Khan A, Gazzaniga A B
Department of Cardiothoracic Surgery, University of California, Irvine Medical Center, Orange County 92668, USA.
Cardiovasc Surg. 1996 Feb;4(1):43-9. doi: 10.1016/0967-2109(96)83782-3.
Extracorporeal membrane oxygenation (ECMO) was initially developed for respiratory failure. Its use, however, has evolved into an excellent method of preoperative and postoperative support in the treatment of infants and children with acquired and congenital heart disease.
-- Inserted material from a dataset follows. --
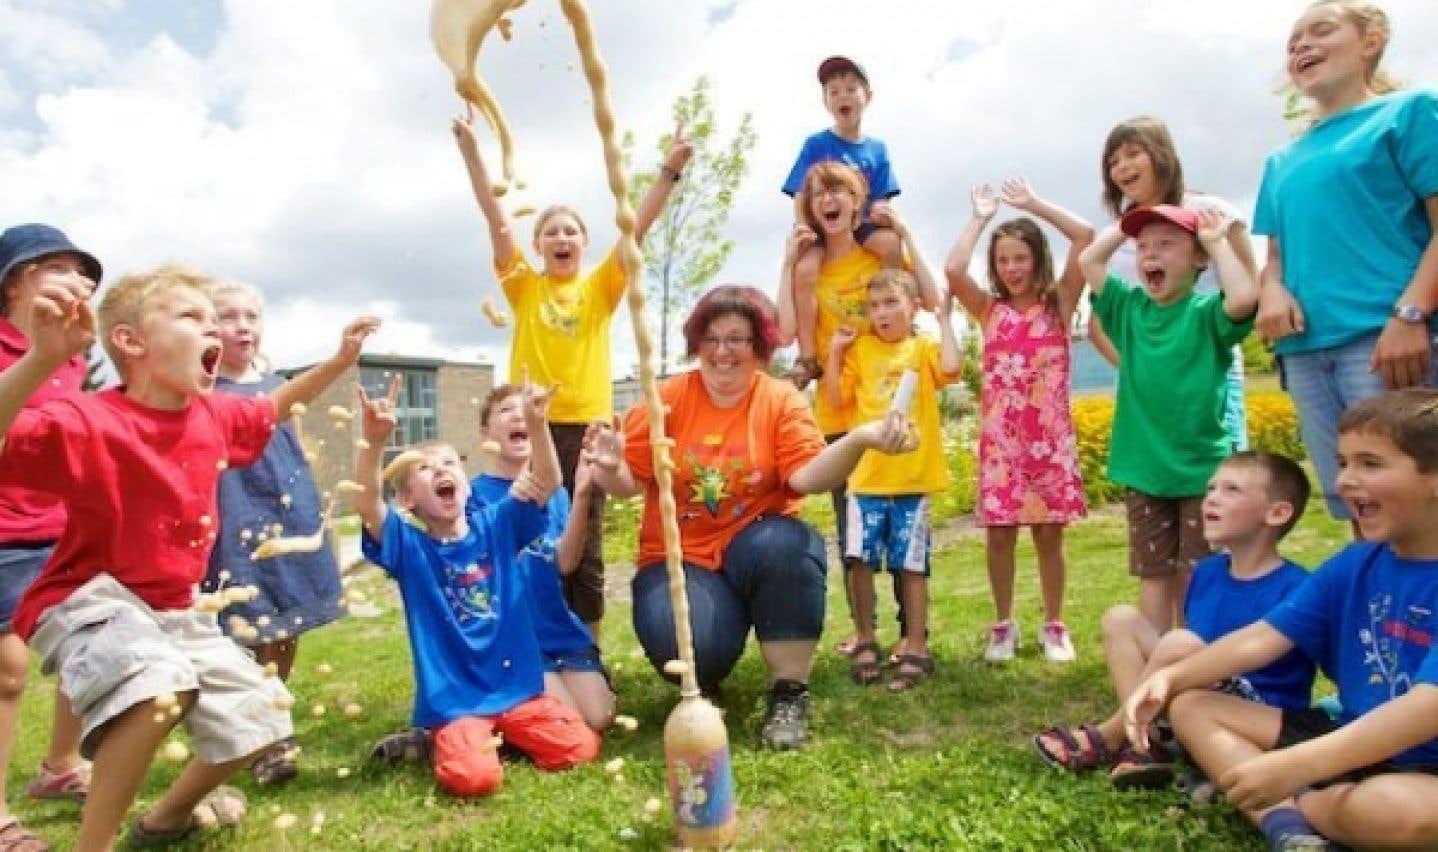 Chaque année, près de 42 000 jeunes participent à l'une ou l'autre des activités offertes par le Club des Débrouillards

Along with ECMO, the left ventricular assist device (LVAD) and the intraaortic balloon pump (IABP) have also found a place in the management of paediatric patients with heart failure. This report documents 15 patients who were treated with one or a combination of these mechanical devices, either preoperatively or postoperatively. There is a 74% survival rate and the long-term outcome has been excellent in most cases. The use of heparin-coated devices and tight regulation of heparin has allowed the transfer of infants and children from standard cardiopulmonary bypass to assist devices in the operating room. Mechanical devices are an essential adjunct for the preoperative and postoperative treatment of infants and children with cardiac disease.
体外膜肺氧合(ECMO)最初是为治疗呼吸衰竭而开发的。然而,其应用已发展成为治疗患有先天性和后天性心脏病的婴幼儿术前和术后支持的一种极佳方法。与ECMO一起,左心室辅助装置(LVAD)和主动脉内球囊泵(IABP)在小儿心力衰竭的治疗中也占据了一席之地。本报告记录了15例接受这些机械装置中的一种或联合使用这些装置进行术前或术后治疗的患者。生存率为74%,大多数病例的长期预后良好。使用肝素涂层装置并严格控制肝素,使得婴幼儿在手术室中能够从标准体外循环转换为辅助装置。机械装置是患有心脏病的婴幼儿术前和术后治疗的重要辅助手段。